I found the "filed by year" system to be useful, because it tracked how prolific he had been in a particular year, and I eventually realized that a large number of moulds in any one year meant he was likely to have a health crisis.  Both heart attacks and all five strokes were preceded by a significantly larger number of moulds.  If he'd been a squirrel, he would have been storing nuts for winter. And like a squirrel, a lot of random digging was required when he suddenly had to find a particular one.

I started with the year 2002, because there were over 100 moulds from that year (and his massive stroke was in December 2002).  He had done some brilliant work that year.  At first, it was taking me about ten tries to produce a reasonably good wax, but I guess wax injecting shares some characteristics with film photography:  after a while you start analyzing what you did wrong, and trying to improve the result by better technique:  more or less pressure, higher or lower wax temperature, longer or shorter cooling time.

And soon, I'd noticed my average was about one in six.  I was making progress.  I was particularly good at the bigger pieces, such as pendant pieces, and I once did about forty perfect waxes in a row on the first try.  I felt extremely proud of myself when I took some of my waxes to the caster, to have them cast in metal.  He looked at the dark blue waxes curiously and asked, "Who did these?"  I summoned up all my nonchalance to reply casually that I'd made them myself, but it was hard to wipe the smile off my face when he said admiringly, "These are g-o-o-o-d."

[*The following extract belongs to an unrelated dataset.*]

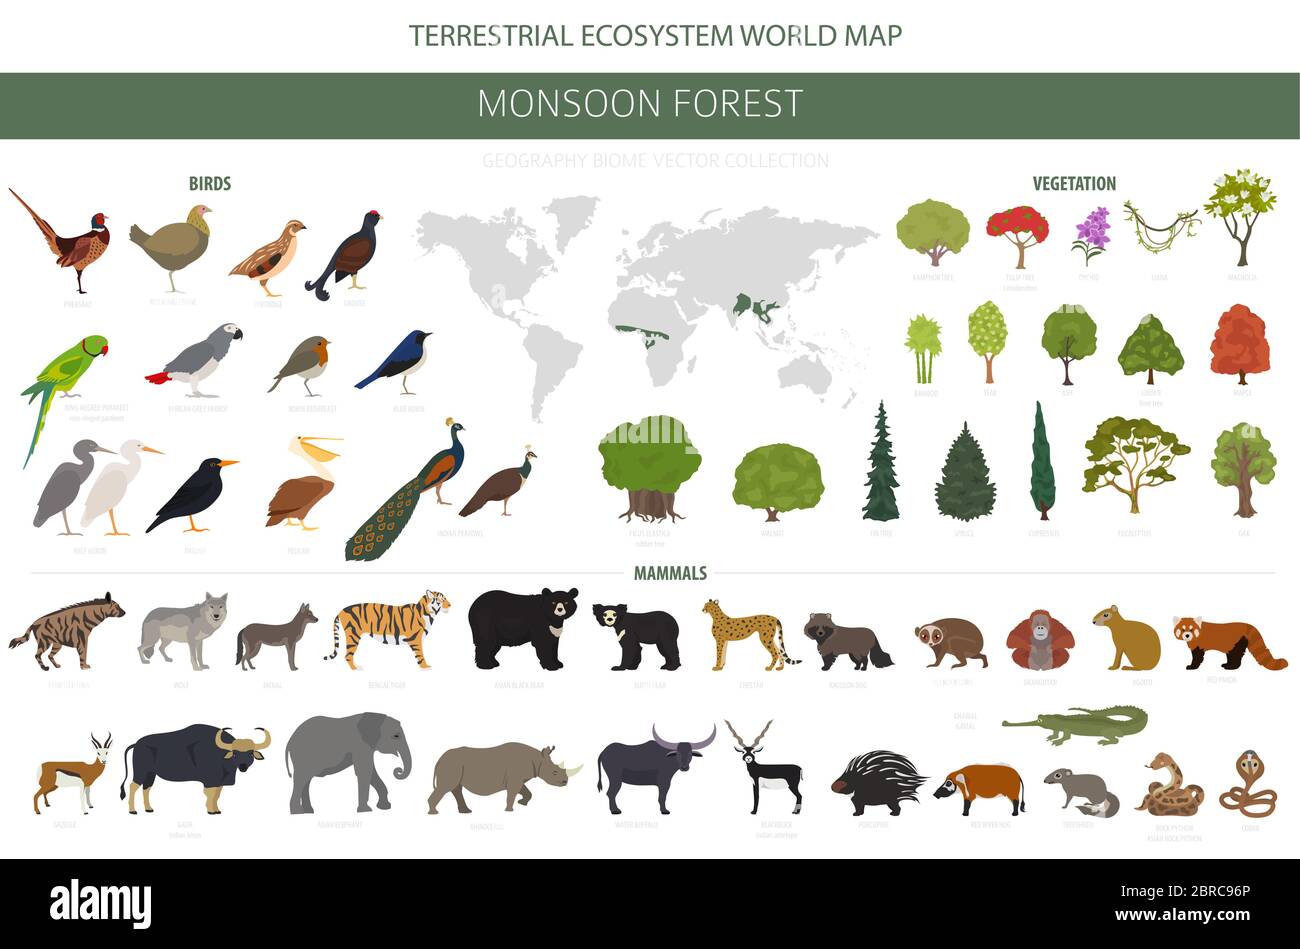 Monsoon forest biome, natural region infographic. Terrestrial ecosystem world map. Animals, birds and vegetations design set. Vector illustration Stock Vector

So I've now finished 2002, 2006, 2008, and I've started on the "Current" bin - the moulds I've made since Ivaan's death.  It's been a very fruitful endeavour, as I've found incredible things I'd never seen before.  When I am working on injecting waxes, I have the strongest sense of Ivaan's presence in the room. Ivaan must be as impressed with his brilliance as I am.  The wax injector now sits in the store.  I love it when people come in to watch and are gobsmacked by the beauty of some of his newly-dug-up artefacts.